映画 河瀬直美監督の 「あん」
多くの人は会議終了後、戦争法制案反対を叫ぶために国会議事堂前に行った。
しかし僕はあまりにも人が多いのは苦手である。
それに加えて、反対の政治行動は地元でもできるが、ミニシアターにかかっている映画は地方では見られないと考えて、銀座のシネスイッチ
http://www.cineswitch.com
という初めての映画館を探しに出かけた。女優の片桐はいりが学生時代もぎりをしていたという映画館でもあるらしい。
実は銀座に行くのは高校3年以来である。
高校の修学旅行で、地下足袋をはいてくるよう指定されて富士山頂に登り、須走を駆け下りた翌日、東京に出て松屋という銀座のデパートの屋上であんみつを食べていた。女子高生数人がじっとこっちをみているなぁと気づき、地方の高校生ながら頭のいいのが外見でもわかるのかなと考えたが、鏡をみて愕然とした。山頂の激しい紫外線のせいで、顔の皮膚がボロボロに剥けていて、まず人前に居るのがおかしいくらいの状態だったのである。
話しが横にそれた。見たかった映画は河瀬直美監督の「あん」。
http://an-movie.com
「萌えの朱雀」以来ずっと追跡しているが、これまでになく素直なストーリーで、ストレートに胸に飛び込んでくる作品である。見ていない人は絶対見た方がいい。

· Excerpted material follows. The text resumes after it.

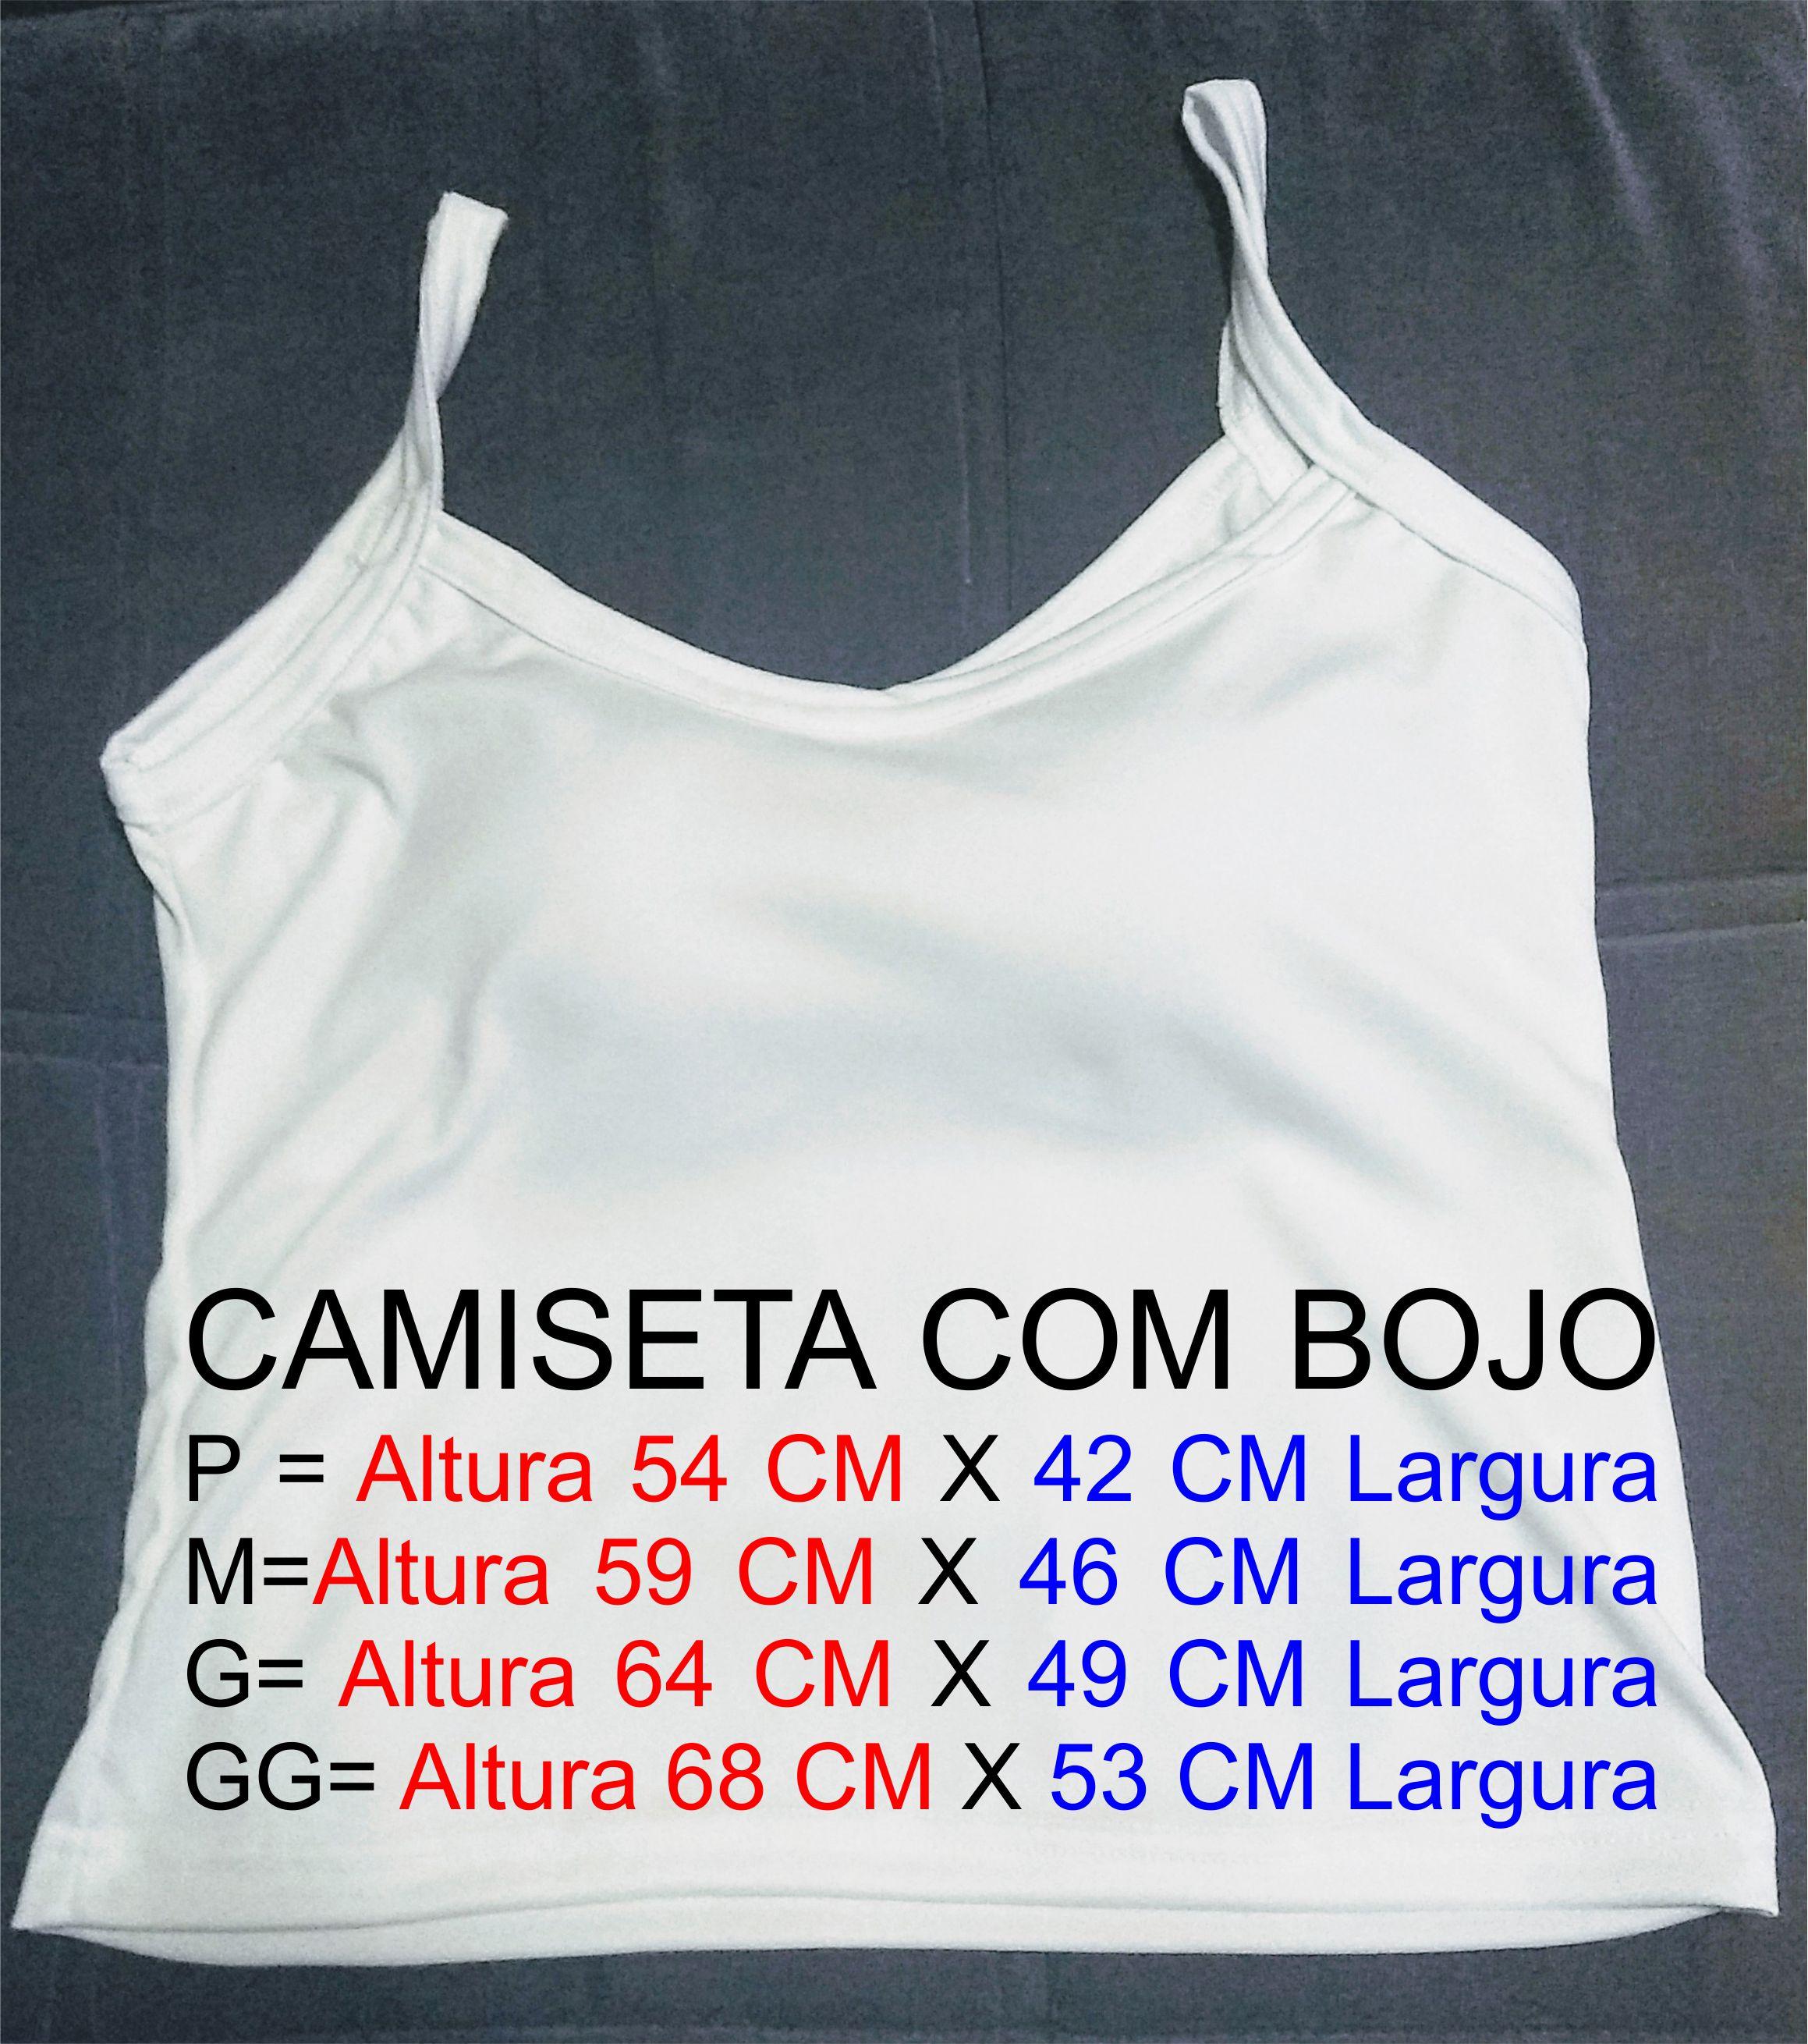 4fe9f59857 Camisa feminina com bojo no Elo7

片方の主役永瀬正敏も、山田洋次の「息子」を思わせる鬱屈した役柄ながら、年齢を重ねて随分いい雰囲気になっている。
もう一人の主役樹々希林もなんといえずいい。世界を見て聞くことができればそれで生きていた価値があると独白するシーンは記憶に残る。
しかし、本当の主役は多磨全生園や、その近くの街の樹木たちだろう。桜もその他の木も、河瀬の手にかかると魔法のような輝きを放つ。
映画館を出ようとすると観客は皆泣いている。
最後に田舎者のありきたりな感想。銀座ほど綺麗な夜の街を見たことがない。